Invece il Parlamento sembra quasi scomparso dalla vita sociale e politica del Paese. La cabina di regia è esclusivamente esecutiva (per quanto necessariamente debba essere tale nel trovare una sintesi a problemi immediati e contingenti), il governo è al centro di tutto: tanto delle istituzioni repubblicane quanto della scena mediatica; così è il Presidente del Consiglio dei Ministri, dipinto come un taumaturgo da non disturbare, da lasciar lavorare.
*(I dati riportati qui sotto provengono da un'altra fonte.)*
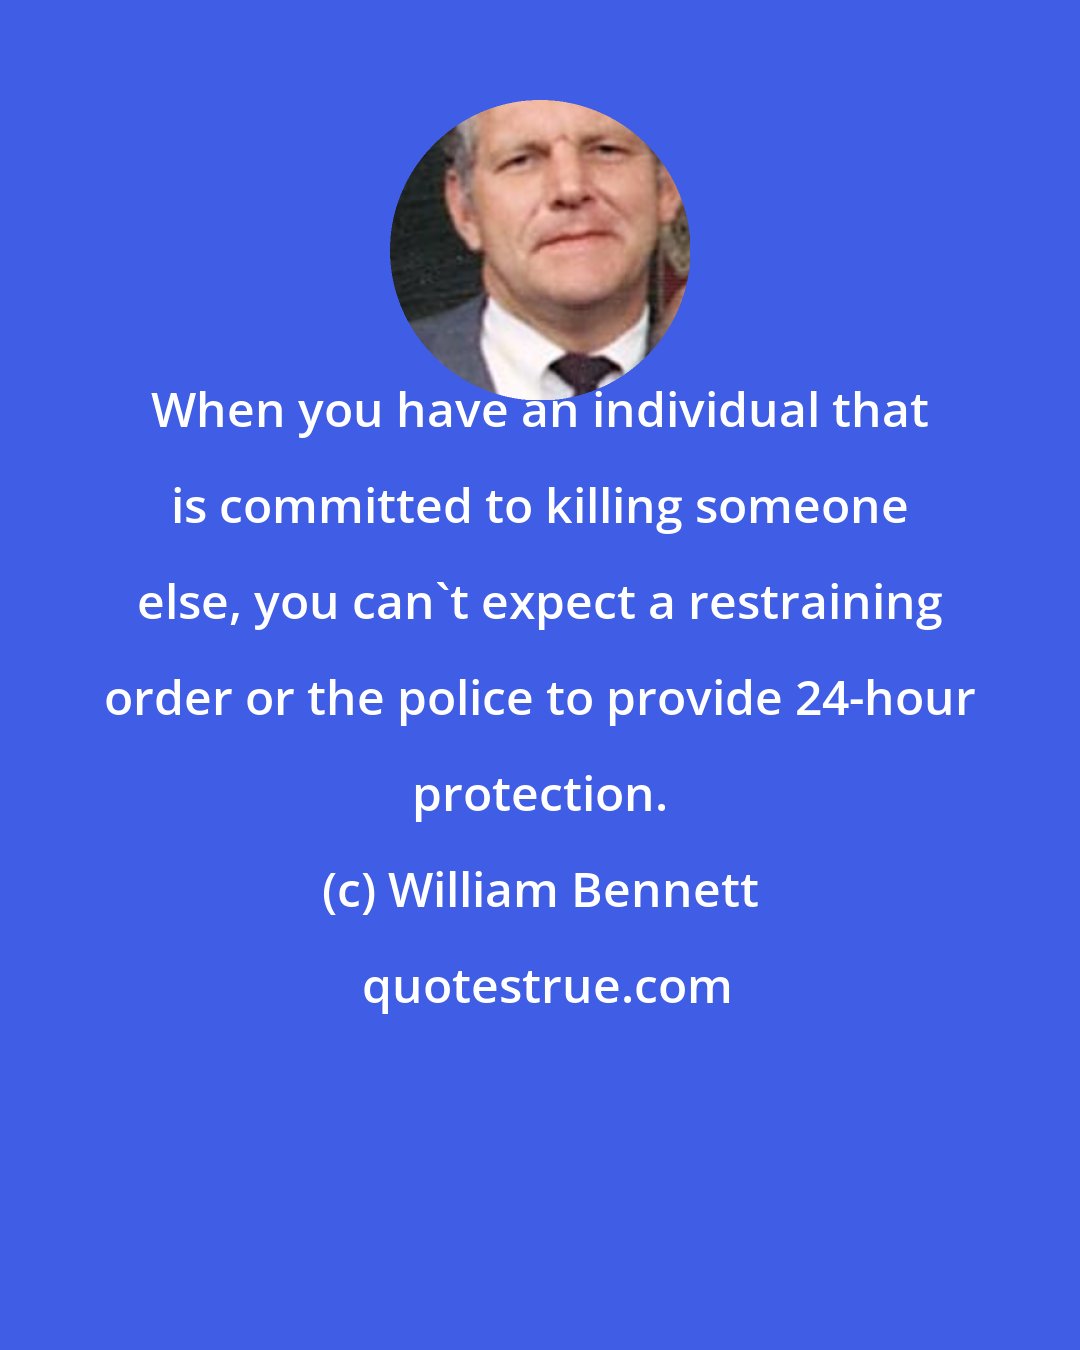 William Bennett: When you have an individual that is committed to killing someone else, you can`t expect a restraining order or the police to provide 24-hour protection.

Un elogio del sapiente superbanchiere internazionale che ha messo in imbarazzo persino i più enfatici agiografi contemporanei del liberismo e che oggi gli consente di affermare di poter garantire personalmente all’Europa la realizzazione di riforme istituzionali atte a semplificare quegli iter burocratici che sarebbero un inutile, pesante orpello per lo sviluppo imprenditoriale.

Sanità, giustizia, pensioni, informatizzazione, transizione ecologica: tutto è nelle mani di Draghi e del suo governo di unità nazionale, niente è nelle mani del Parlamento che deve solo ratificare l’utilizzo di quella che viene definita ormai unanimente (anche dai sindacati) come un’”occasione unica” nella storia del Paese: 220 e più miliardi di euro che però finiranno nelle tasche dei padroni mediante percorsi nemmeno troppo simulanti un finanziamento di interessi pubblici.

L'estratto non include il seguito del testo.